Biology of chronic wounds

Wound healing is classically characterized by 3 phases of repair: inflammation, proliferation and remodelling. After an injury multiple biological pathways immediately become activated and the 3 phases of repair can overlap in time and space within a wound. Although cell-centric models are useful to simplify our understanding of wound healing, a model that provides a more comprehensive perspective is the ‘seed versus soil’ paradigm as described by Gurtner et al. ¹ : ‘seeds’ refer to the cells in the wound and the ‘soil’ represents the extracellular milieu (cytokines, matrix, oxygen tension e.g.). Another model is the concept of ‘dynamic reciprocity’ defined by Schultz et al. ² that describes the constant bidirectional communication between cells and their local microenvironment.
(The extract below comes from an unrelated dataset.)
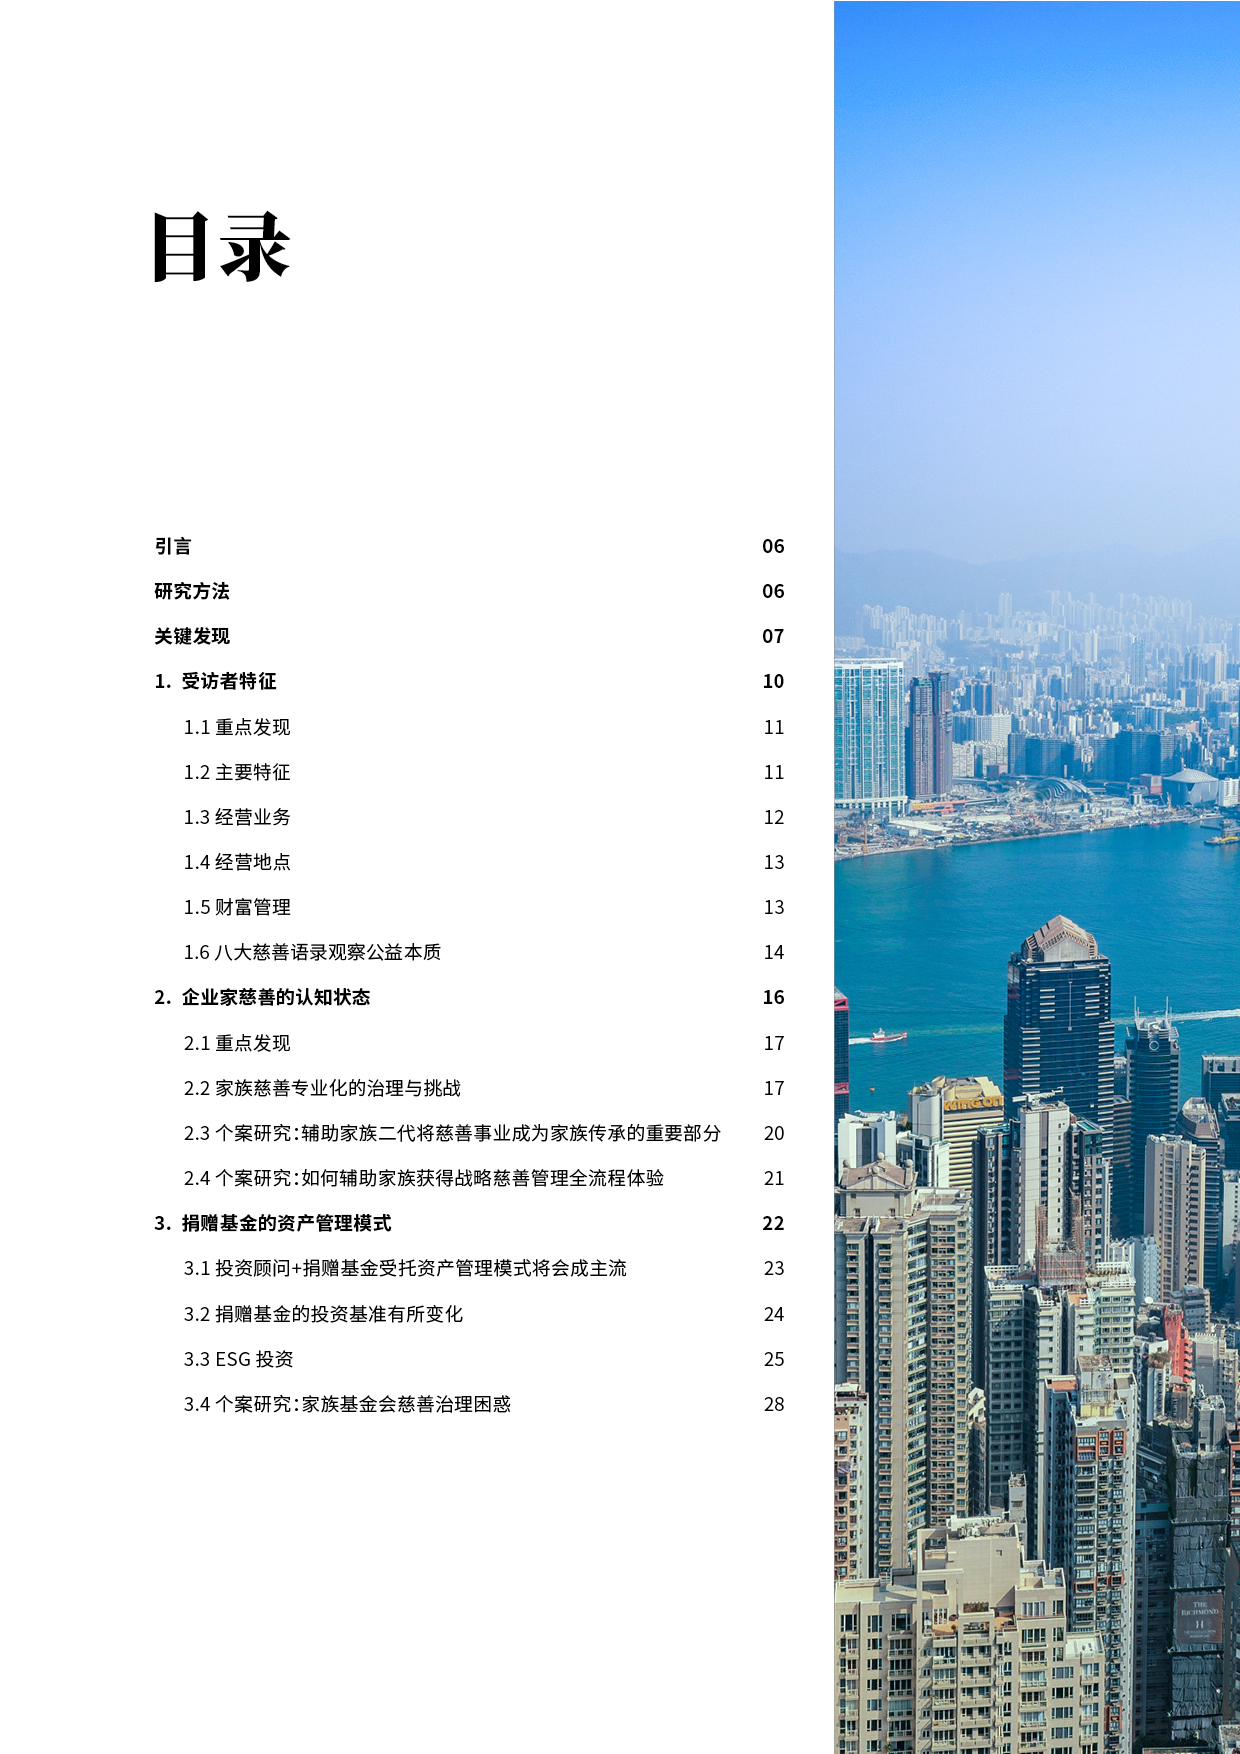 【即将发布】2022中国企业家慈善报告

Wounds may be classified as those that repair themselves or can be repaired in an orderly and timely process (acute wounds) and those that do not (chronic wounds). The definitions used for both types of wounds vary in the medical literature. For example, in the Dutch relevant guideline, acute wounds are defined as wounds with an acute aetiology where loss of continuity of the skin is caused by a trauma or a surgical procedure, independent of the duration of the wound. ³ The terms ‘chronic’, ⁴ ‘hard-to-heal’ ⁵ and ‘complex’ ⁵ are used for wounds that fail to proceed through an orderly and timely repair process, or proceed through the repair process without establishing a sustained anatomic and functional result. The Dutch Society of Dermatology and Venereology prefers not to use the term ‘complex wound’, since a complex wound is not a disease entity per se or a diagnosis with a single aetiology. The aetiology of chronic wounds is diverse, but more than 80% are associated with venous or arterial insufficiency, decubitus, or diabetes mellitus.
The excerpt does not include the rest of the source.